Culture has settled into two realities that have relegated art to inconsistency: on the one hand, relativism, which has led to post-truth; on the other, political correctness, which results in the dictatorship of woke up.
This is how strongly it all began Jaime Olmedo your conference Freedom and culturethe eighth of the cycle Freedom in the 21st centurywhich celebrates the tenth anniversary of EL ESPAÑOL and the twenty-fifth anniversary of the Camilo José Cela University, of which the philologist and academic is rector.
Convinced that “Culture cannot be reserved for a few”Olmedo attacked the exploitation that is made of her from the political spheres. Although he previously highlighted some historical milestones which, according to him, determined the current situation.

The rejection of classical canons and positivism, at the origin of the dogmatism to which culture is now constrained, appeared in the 19th century. “We have moved from a trust in the rational to a refuge in the irrational,” he explains, and the first artistic movement that gave rise to what he calls the “discrediting of verisimilitude” was the Romanticism.
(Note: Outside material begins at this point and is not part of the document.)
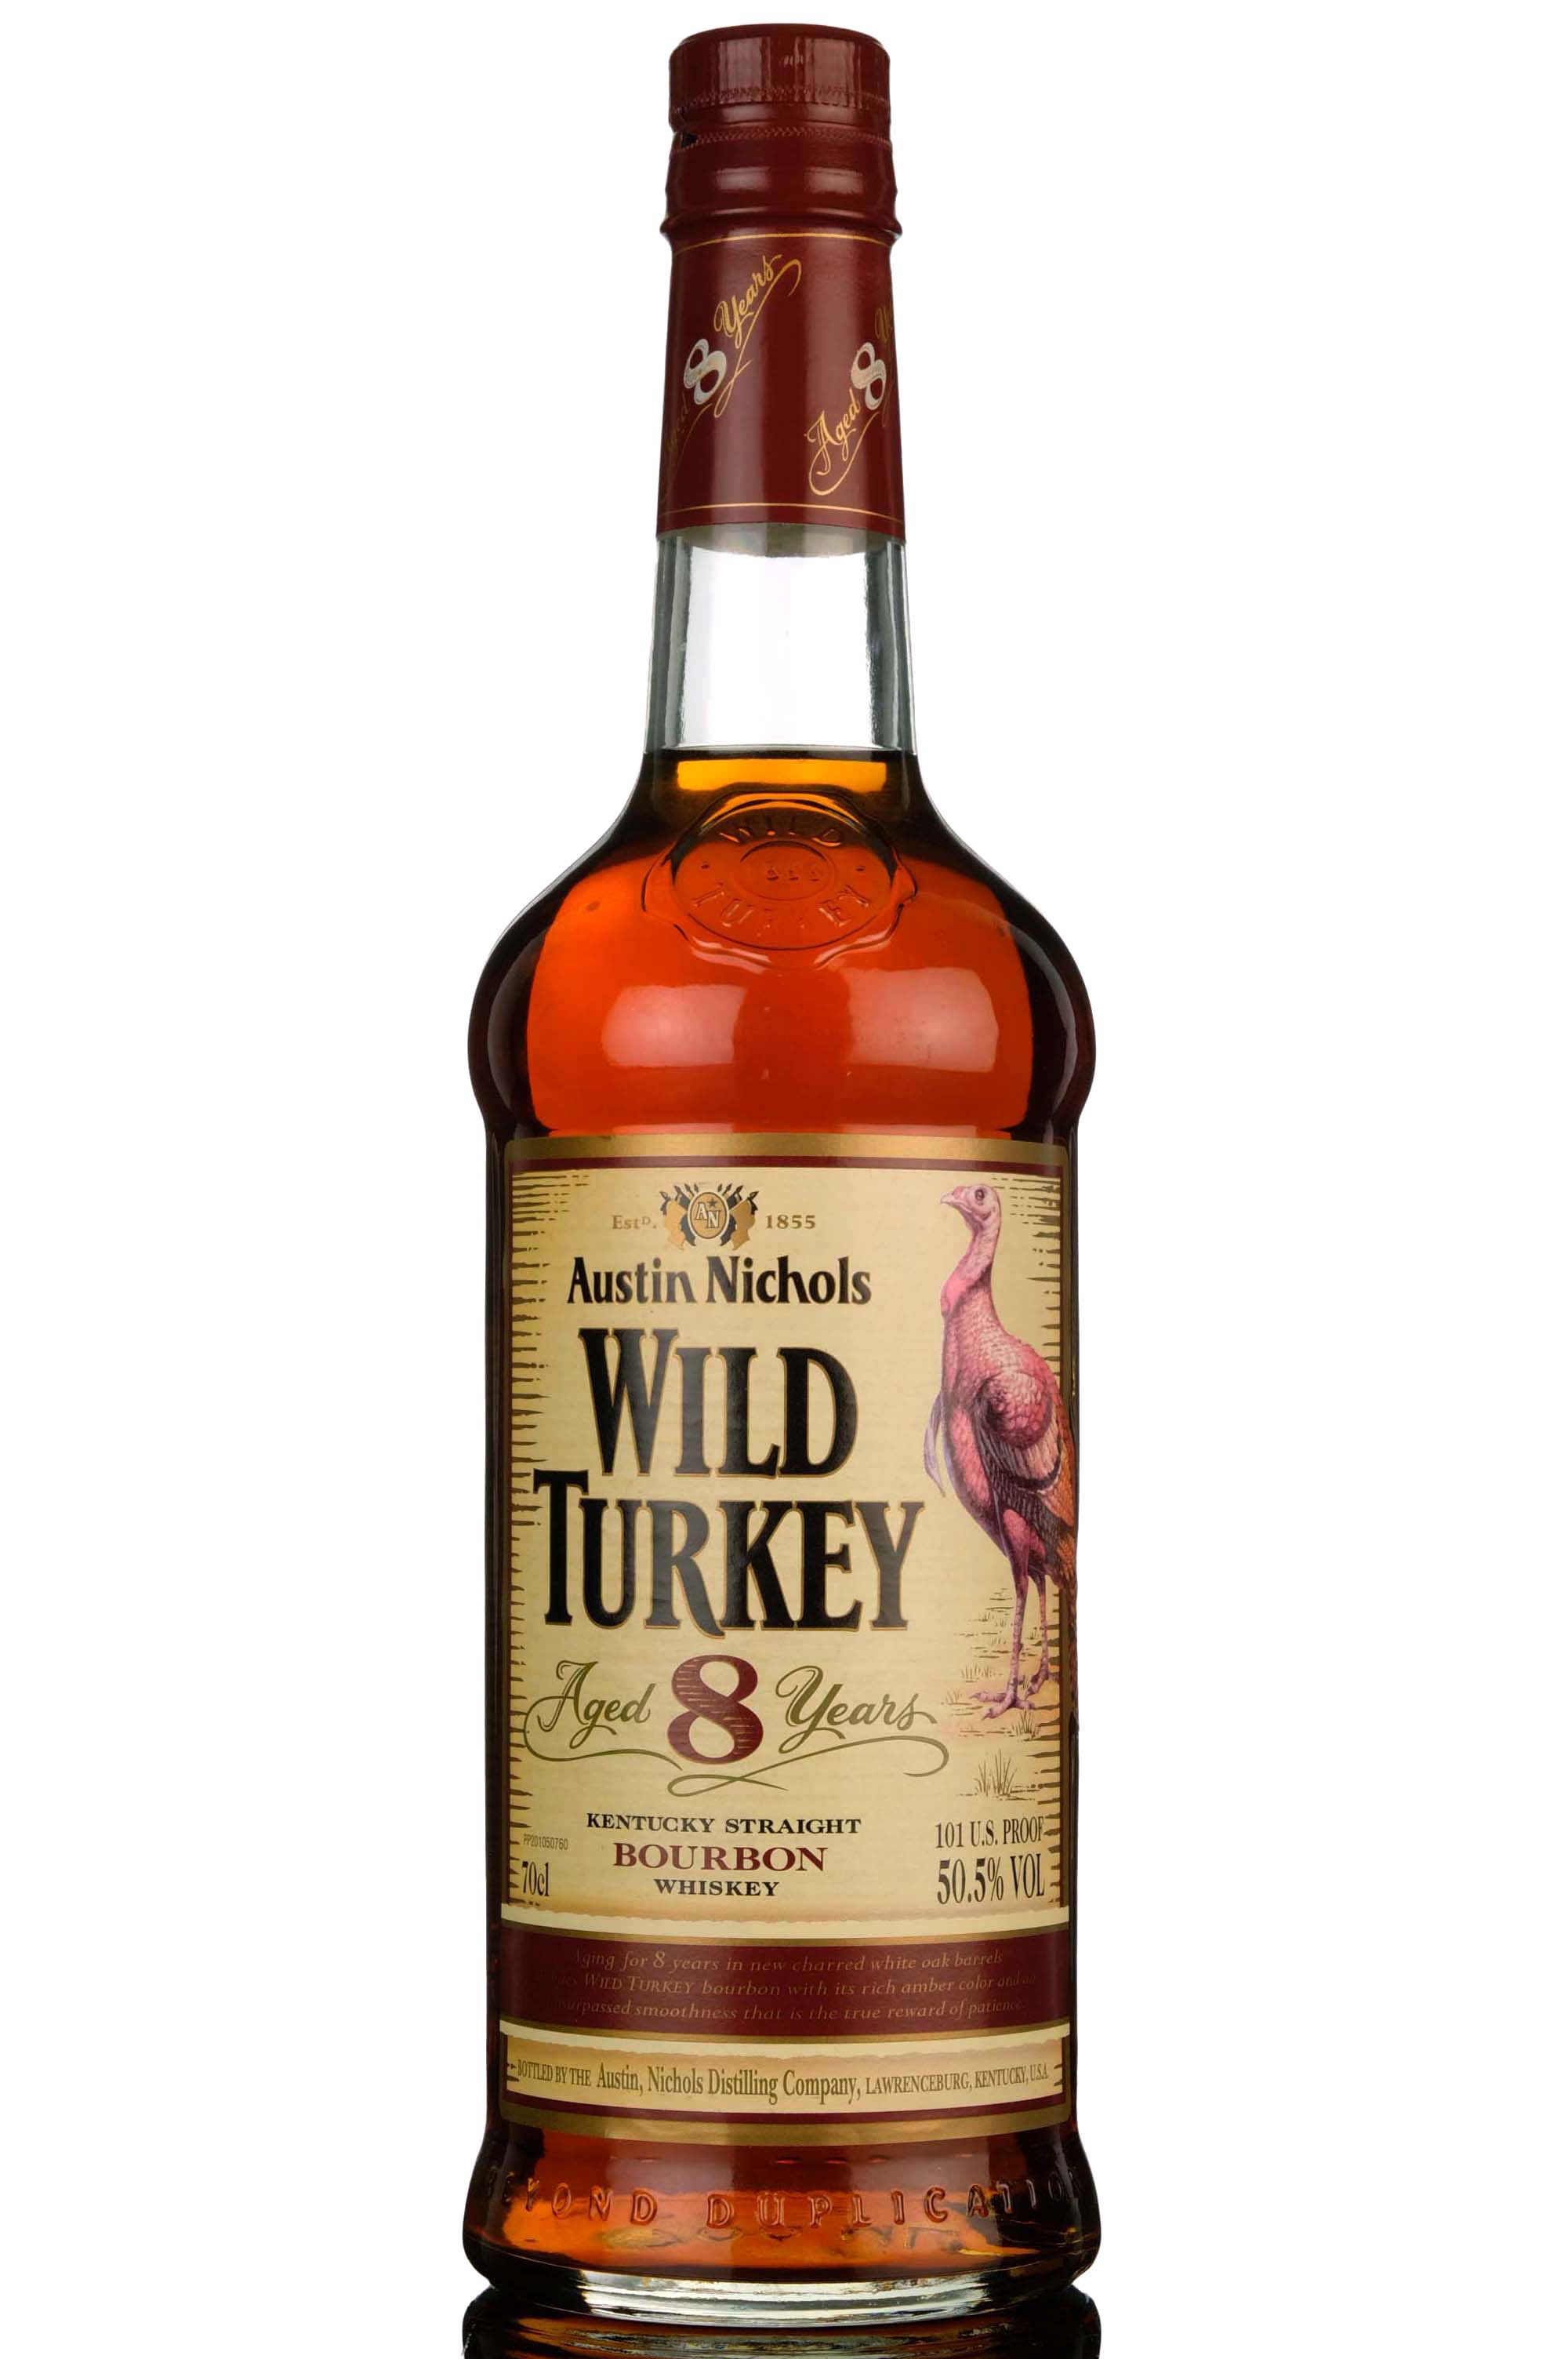 Austin Nichols Wild Turkey 8 Year Old - 101 Proof - 2003 Release

When society mutated “from rebellion to disenchantment”, bohemianism emerged: “The artist exacerbated the traits of the tormented romantic” – the rector slipped -, removing the humanist attributes which correspond to creation.
Salvador Maria Granés invented the concept in our country “golfemia” to challenge the “art for art’s sake” of the romantics full of individualism. “I hate literary bohemia with all my soul,” Unamuno said, a recurring reference among the many references used by Olmedo.
The avant-garde went even further at the dawn of the 20th century. If shortly before symbolism had revealed the “incapacity” of artists to handle an articulated language with gifts of excellence and that expressionism was abandoned to “the search for the ugly”, the avant-garde movements were “the great aesthetic challenge” against art.
In the name of “the horror of conventions” and ignoring the concepts of “reason” and “tradition”, futurism, cubism, Dadaism and, finally, surrealism led to “aesthetic annihilation” and “the most absolute insignificance”. Dadaism even dared to declare that since then the artist would be more important than the worka notion that – unfortunately for Olmedo – continues to resonate today.
“This irrationalism led to hermeticism,” said the rector, which was the prelude to the lack of communication between the artist and the public.
Still, “it might have made sense at the time,” he concedes; The problem is that it lasted “unbearably” until today and today we are already dragging “a century of avant-garde” in which criticism was gradually relegated.
But it turns out that “the truth exists and there is error”, even if contemporary cultural pride does not intend to be criticized, just said Olmedo, who insisted on the importance of “back to history”. It is not only about “transmitting knowledge to future generations” so that they can “reject traps” and be truly free, but also about pointing out “self-serving interpretations of history” and “distortion as a political objective.”
Jaime Olmedo “Liberty and culture”
In this regard, Olmedo provided some examples. THE deconsolidation of museumsWithout a doubt, the most current. “The name is not even correct because Spain did not have colonies, but rather overseas provinces,” he assured. Not to mention the “presentism” with which this political measure is approached, sponsored by the “moral force” of which the left always boasts, he came to say.
However, if at the cultural level progress fights behind the trenches of its supposed “ethical superiority”, the right appears “disdainful”he said. And that always leads to populism.
Returning to the purely artistic domain, Olmedo recalls the emergence of Harold Bloom at the end of the century to claim “the autonomy of aesthetics” and propose, against the grain, the hated canon.
“Against relativism, demagoguery and hypocrisy” which ended up consolidating an “institutionalized avant-garde” where contemporary art is “pure provocative, cynical and anti-aesthetic spectacle”the canon is a kind of countercultural vector. And not only is “there no way to know what is art and what is not,” but it is also virtually impossible to distinguish “good from mediocre,” the rector said.
The contemporary work of art is in the hands of “thieves” and “businessmen”he said, and in addition to being “unable to communicate,” they also don’t know the owner. The exhibitions no longer even have an epigraph that defines them, they are presented before an audience amused by their jokes and, at the same time, abandon themselves to their eloquence.
In short, culture has been abandoned to consumption and, in its name, “everything is permitted”. A universe in which “charlatanism” reigns because it has long been oppressed by “the dictatorship of relativism”. Besides, “post-truth is the old-fashioned term that political correctness has renamed lies,” he said.
Cancel culture and self-censorship are some of its current expressions, but its origins are much further back. The audience present at master class de Olmedo was able to give a good account of it.
The rector still had a message of hope for the end. To fight against the tyranny of dogma, the philologist and academic proposes “the community effort to seek the truth”. Faced with sensationalism, “art must regain its aura”, because “culture is either a necessity or madness”.